Security

I know a there are a lot of discussions on this topic but I did not see anything that matched this issue exactly. 

 

I am implementing Wired 802.1x/MAB/WebAuth with Clearpass and Cisco switches. 802.1x and MAB work well. I am having difficulty with the URL Redirect when using HTTPS. 

 

I am able to properly send a URL Redirect and a URL Redirect ACL to the switch. These work great if the client tries to browse to a HTTP URL, they are properly redirected to the Clearpass URL. 

 

If a client attempts to browse to an HTTPS URL, the browser says it cannot reach the site. Both IE and Chrome exhibit this issue. 

 

I have IP HTTP SERVER and IP HTTP SECURE-SERVER enabled on the switch. I have tried various versions of iOS. 

 

This seems like a Cisco bug but I would think others would be running intop this same issue. 

 

I have tested on 3560, 3750, 3850 with a few different iOS versions. 

Can you post the ACL on the switch you are using?

I have tried a few different ACL's.
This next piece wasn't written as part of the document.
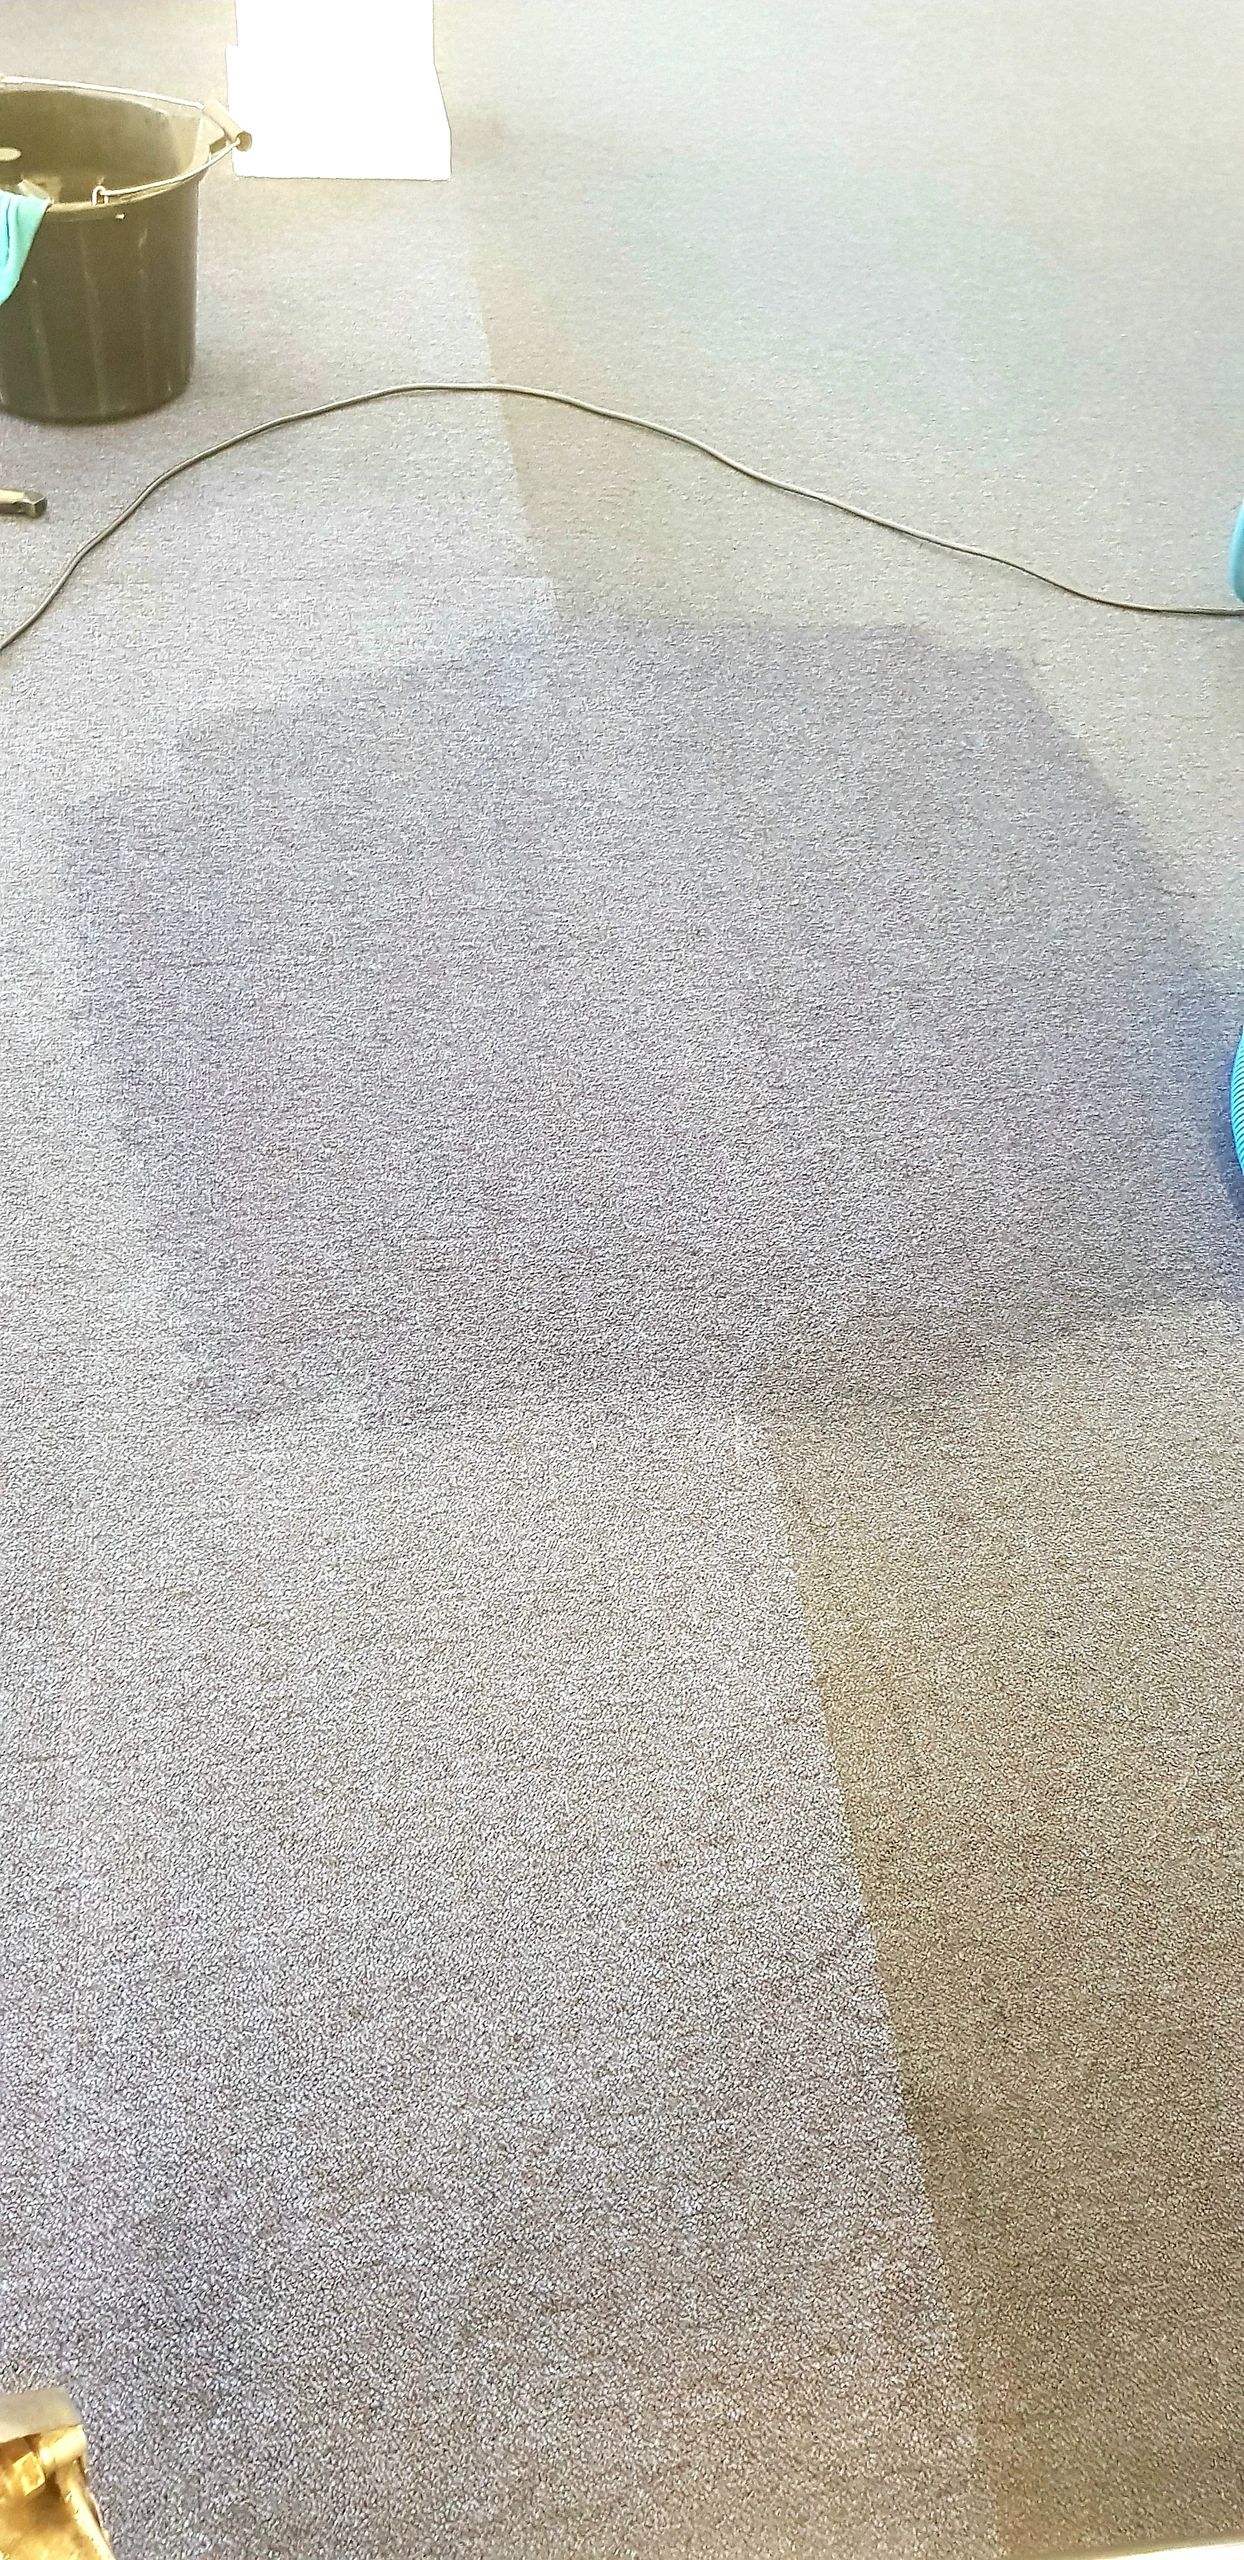 Patch test prior to a deep clean on an office carpet

Here is the current one...

 

ip access-list extended Web-Redirect
deny udp host 0.0.0.0 host 255.255.255.255 eq bootps
deny udp any any eq domain
deny tcp any host 10.10.1.60
permit tcp any any

 

 

And the auth session details...

 

Interface: GigabitEthernet0/7
MAC Address: 88ae.1dac.83ba
IP Address: 10.10.20.56
User-Name: XXXX\XXXX
Status: Authz Success
Domain: DATA
Security Policy: Should Secure
Security Status: Unsecure
Oper host mode: multi-host
Oper control dir: both
Authorized By: Authentication Server
Vlan Policy: N/A
URL Redirect: https://clearpass.domain.com/guest/posture_check.php?mac=88:ae:1d:ac:83:ba
URL Redirect ACL: Web-Redirect
Session timeout: N/A
Idle timeout: N/A
Common Session ID: 0A0A010100000018000F8AD5
Acct Session ID: 0x0000001C
Handle: 0xCB000019

Can you try explicitly permitting http and https?

 

ip access-list extended Web-Redirect
deny udp host 0.0.0.0 host 255.255.255.255 eq bootps
deny udp any any eq domain
deny tcp any host 10.10.1.60
permit tcp any any eq www

permit tcp any any eq 443

Yes.

 

Same results. HTTP works but HTTPS doesnt. 

 

 

Are you able to manually browse to the HTTPS URL?

oop.. hit wrong button!

 

Yes, I can access the HTTPS URL for Clearpass without issue. 

The ACL does look ok.

Likely you will need to do a pcap or run something like fiddler to get a better idea of what is not working.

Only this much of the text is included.